* Task to carry out *
Retype all data exactly as given. Pictures should not be retyped.

* Recorded information *
* * * * * * *
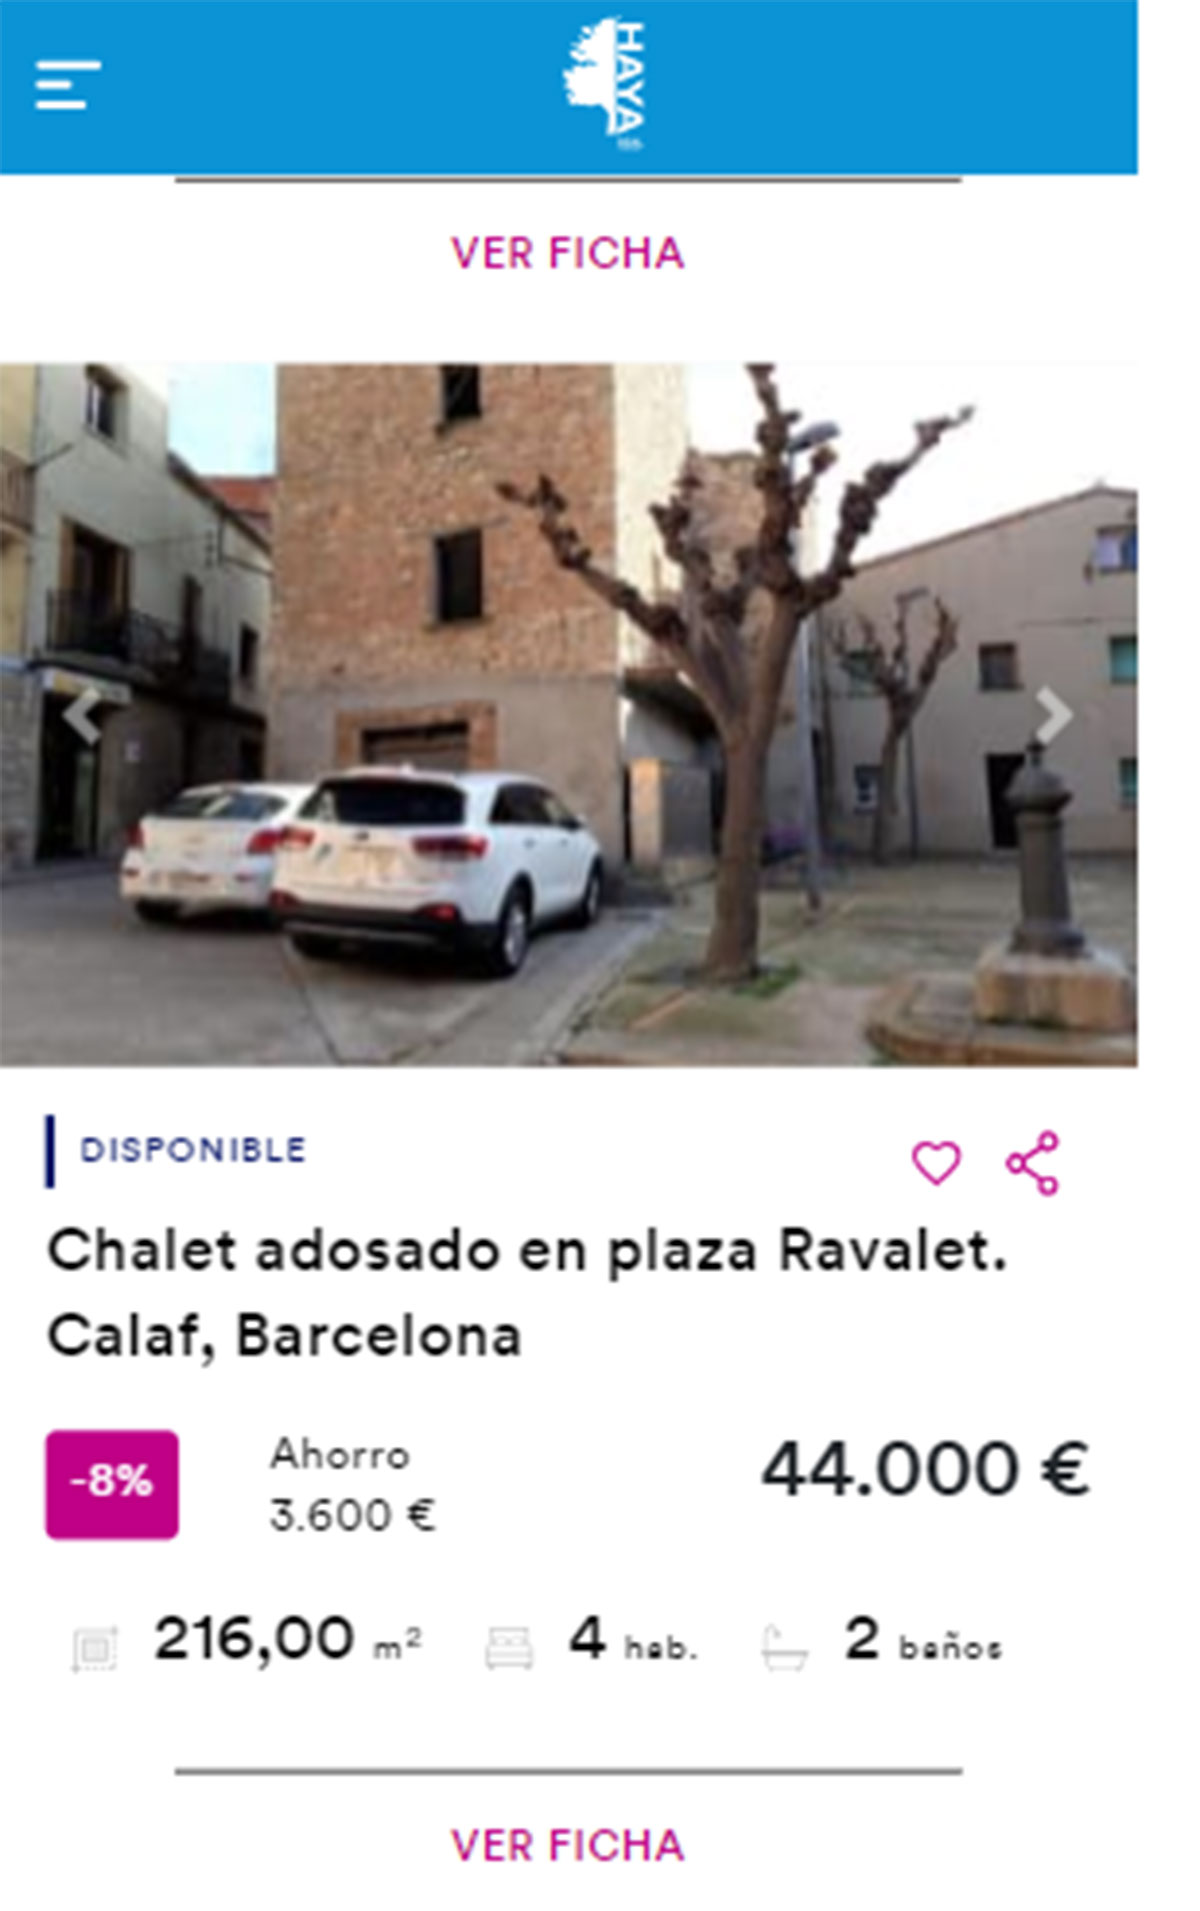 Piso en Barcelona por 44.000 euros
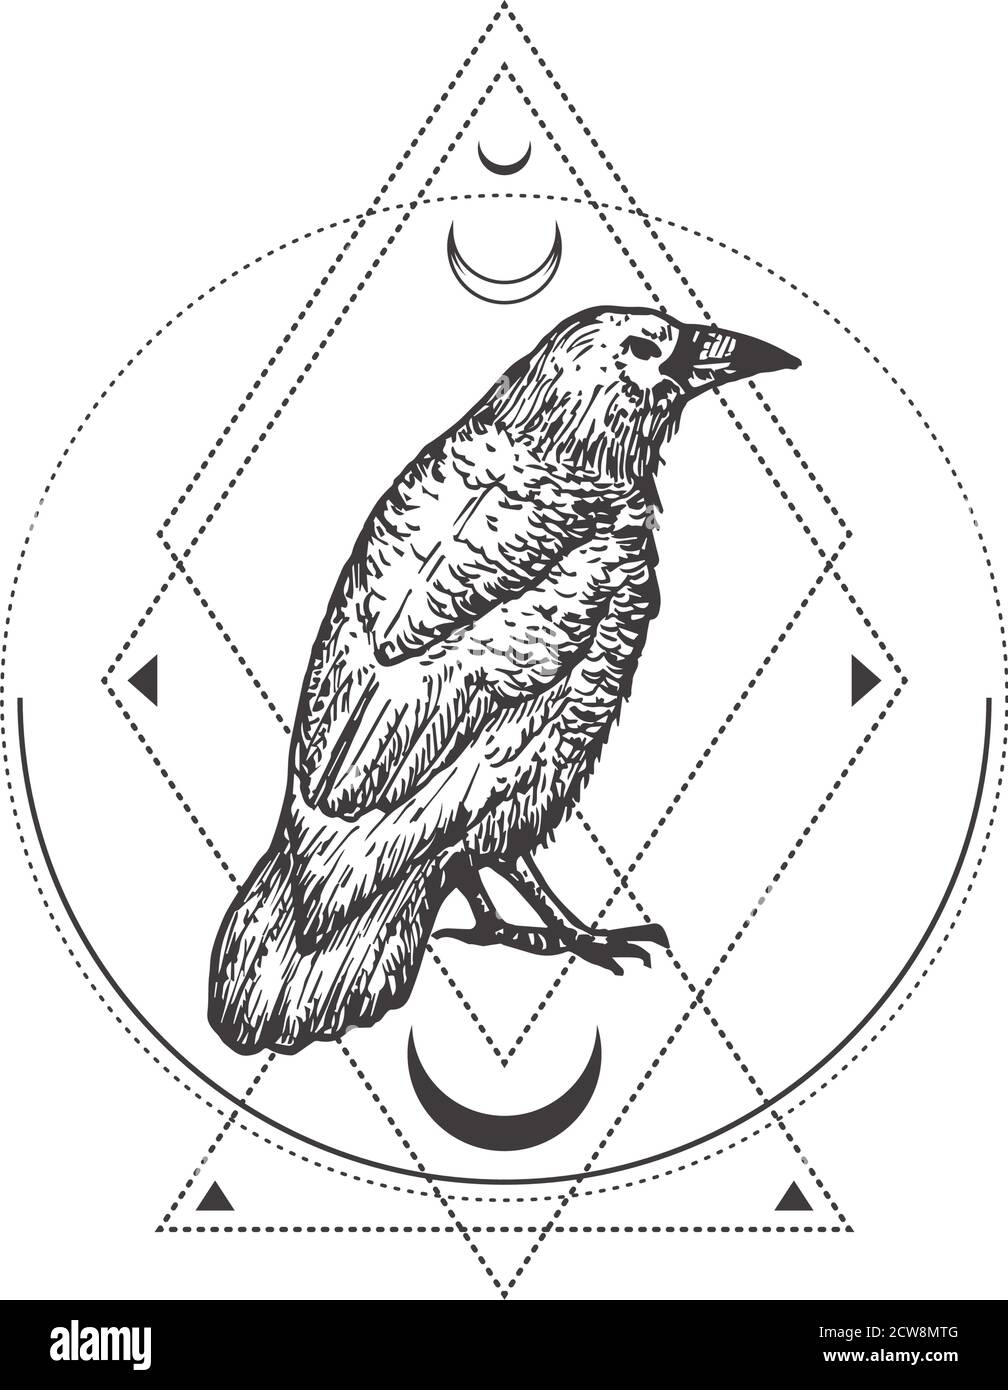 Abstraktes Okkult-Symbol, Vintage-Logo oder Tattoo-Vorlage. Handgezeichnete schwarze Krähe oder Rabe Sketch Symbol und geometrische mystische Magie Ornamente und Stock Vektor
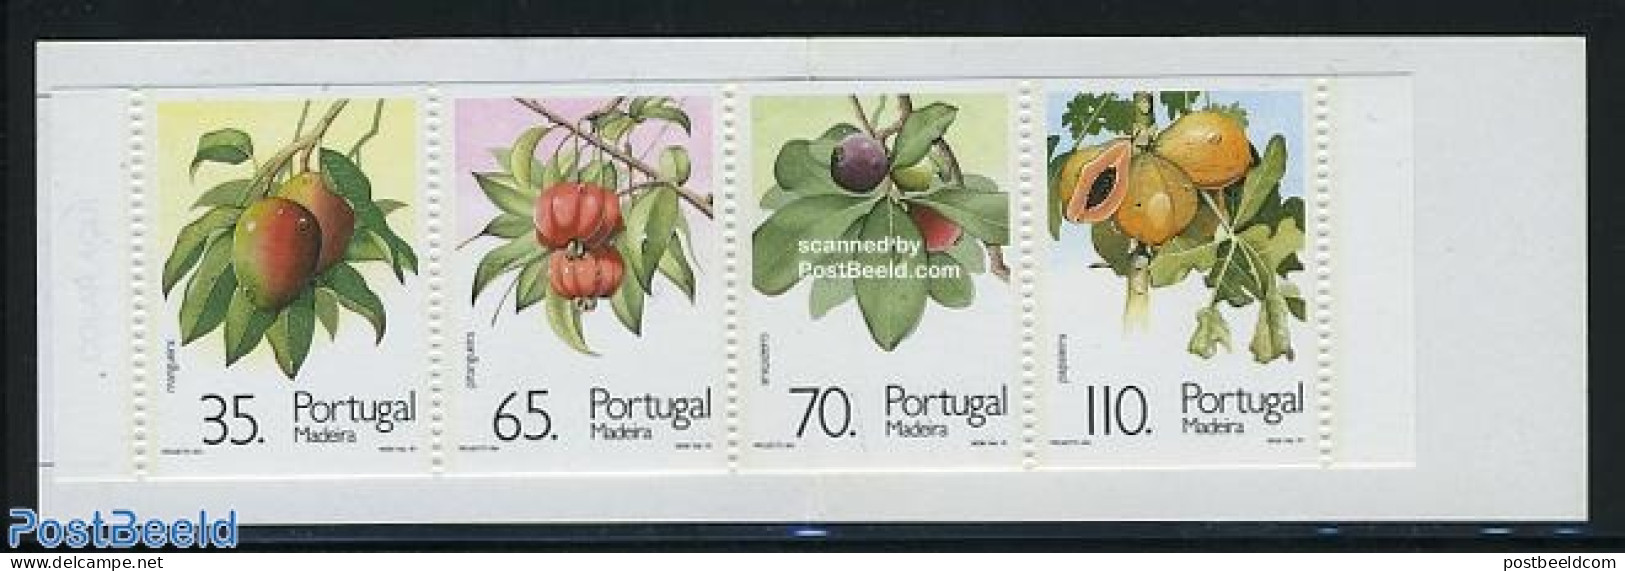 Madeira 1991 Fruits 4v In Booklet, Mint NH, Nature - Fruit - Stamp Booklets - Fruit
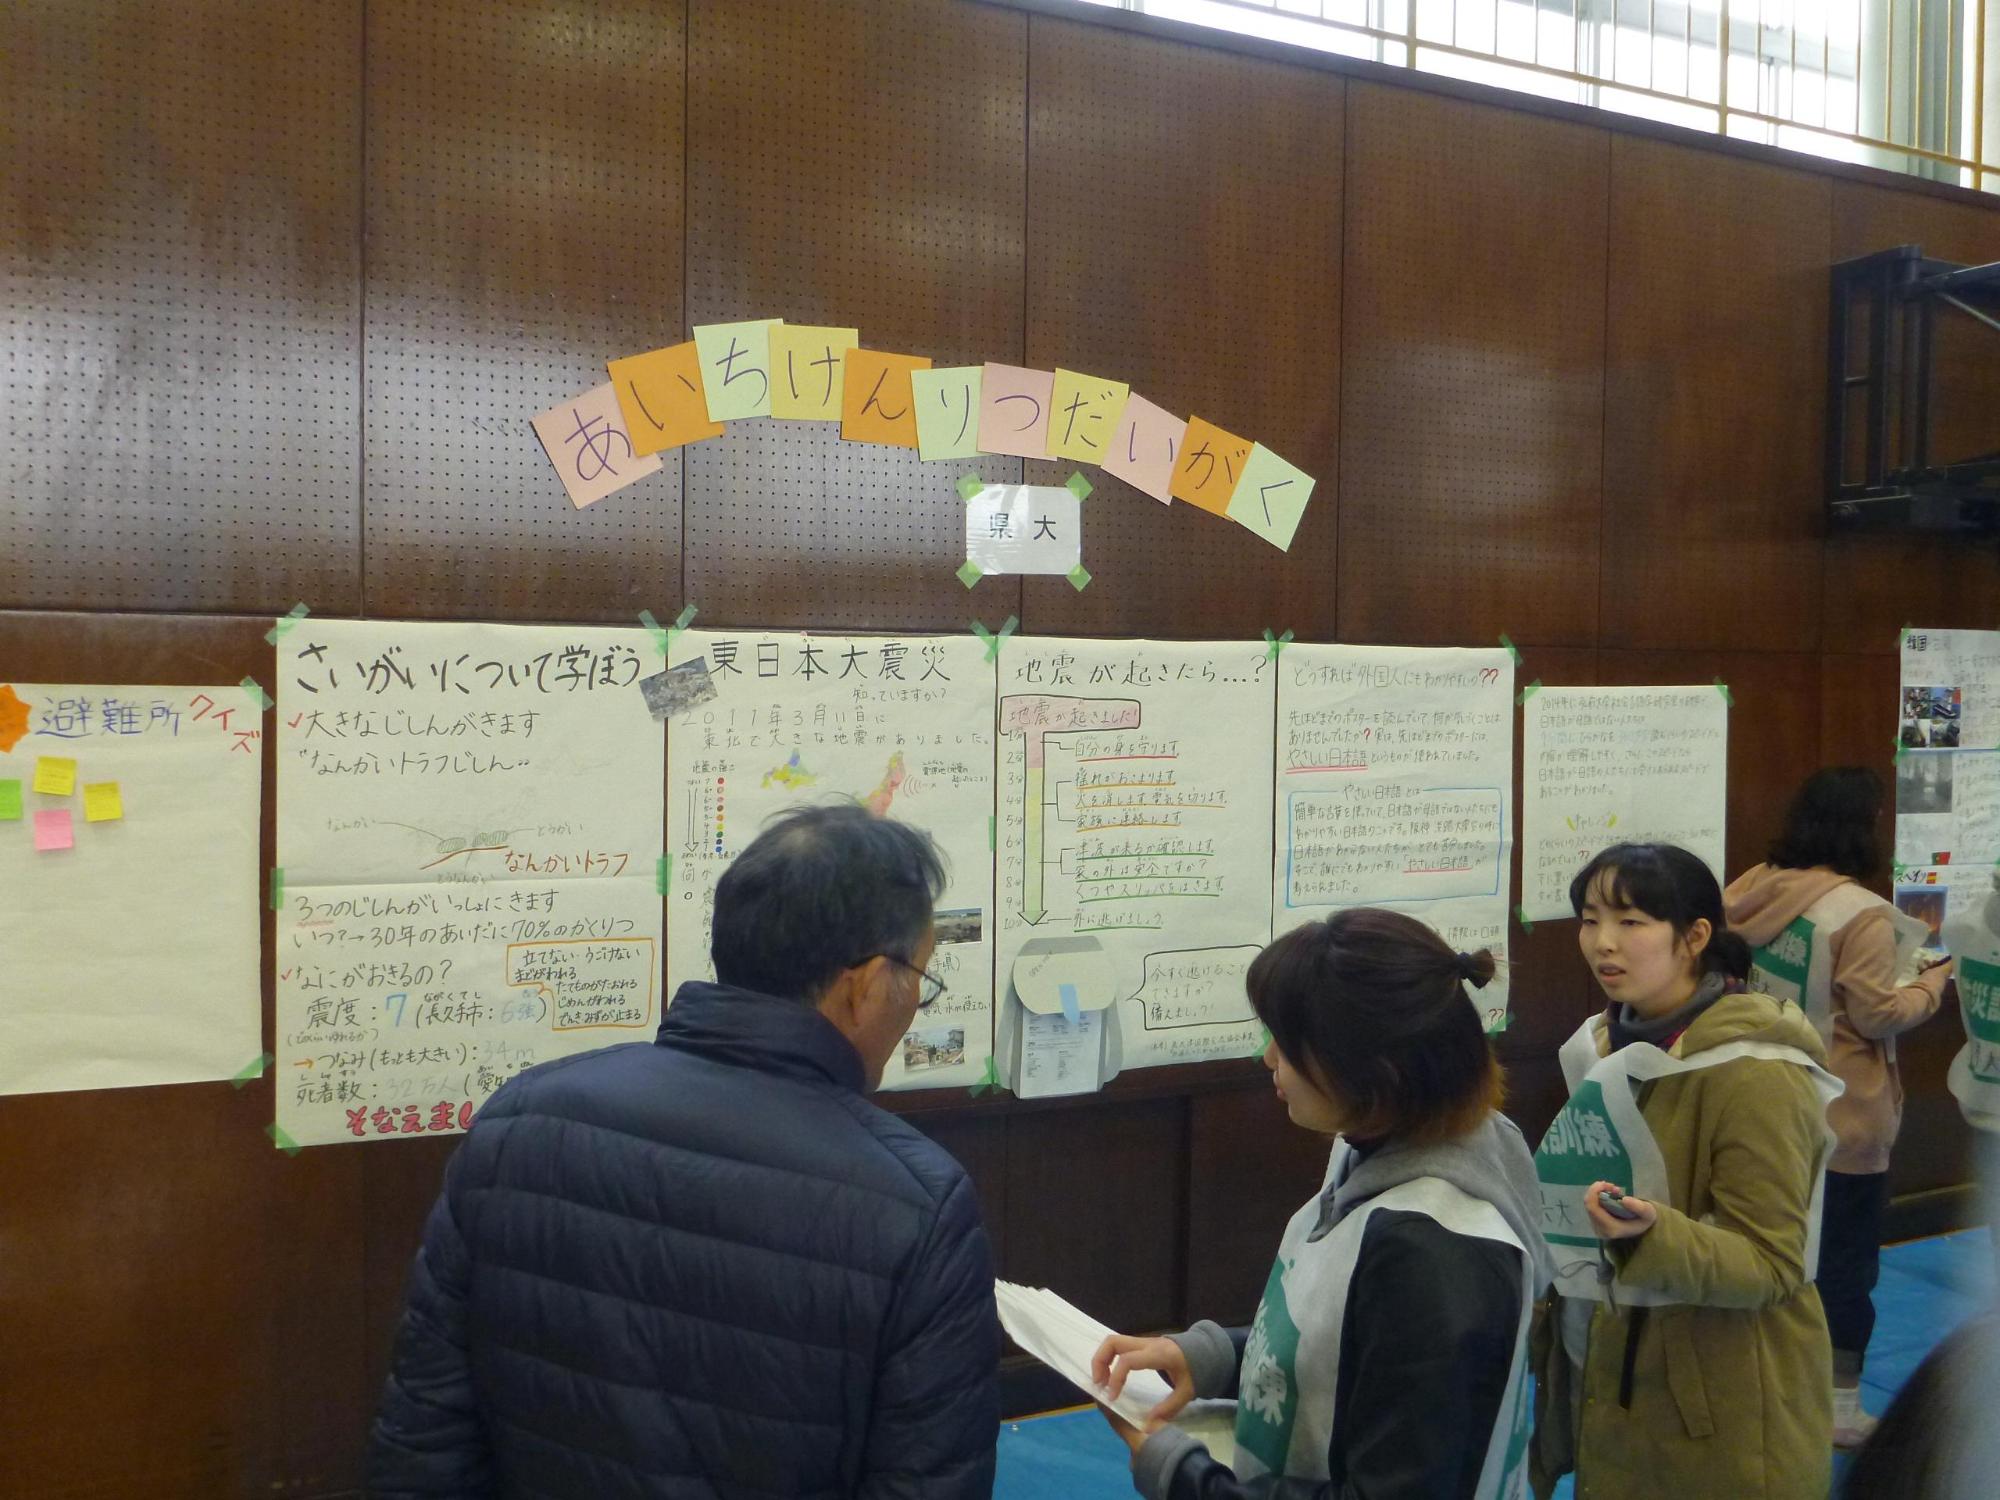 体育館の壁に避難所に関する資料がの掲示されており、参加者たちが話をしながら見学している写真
* * * * * * *
* Response *
 Piso en Barcelona por 44.000 euros
 Abstraktes Okkult-Symbol, Vintage-Logo oder Tattoo-Vorlage. Handgezeichnete schwarze Krähe oder Rabe Sketch Symbol und geometrische mystische Magie Ornamente und Stock Vektor
 Madeira 1991 Fruits 4v In Booklet, Mint NH, Nature - Fruit - Stamp Booklets - Fruit
 体育館の壁に避難所に関する資料がの掲示されており、参加者たちが話をしながら見学している写真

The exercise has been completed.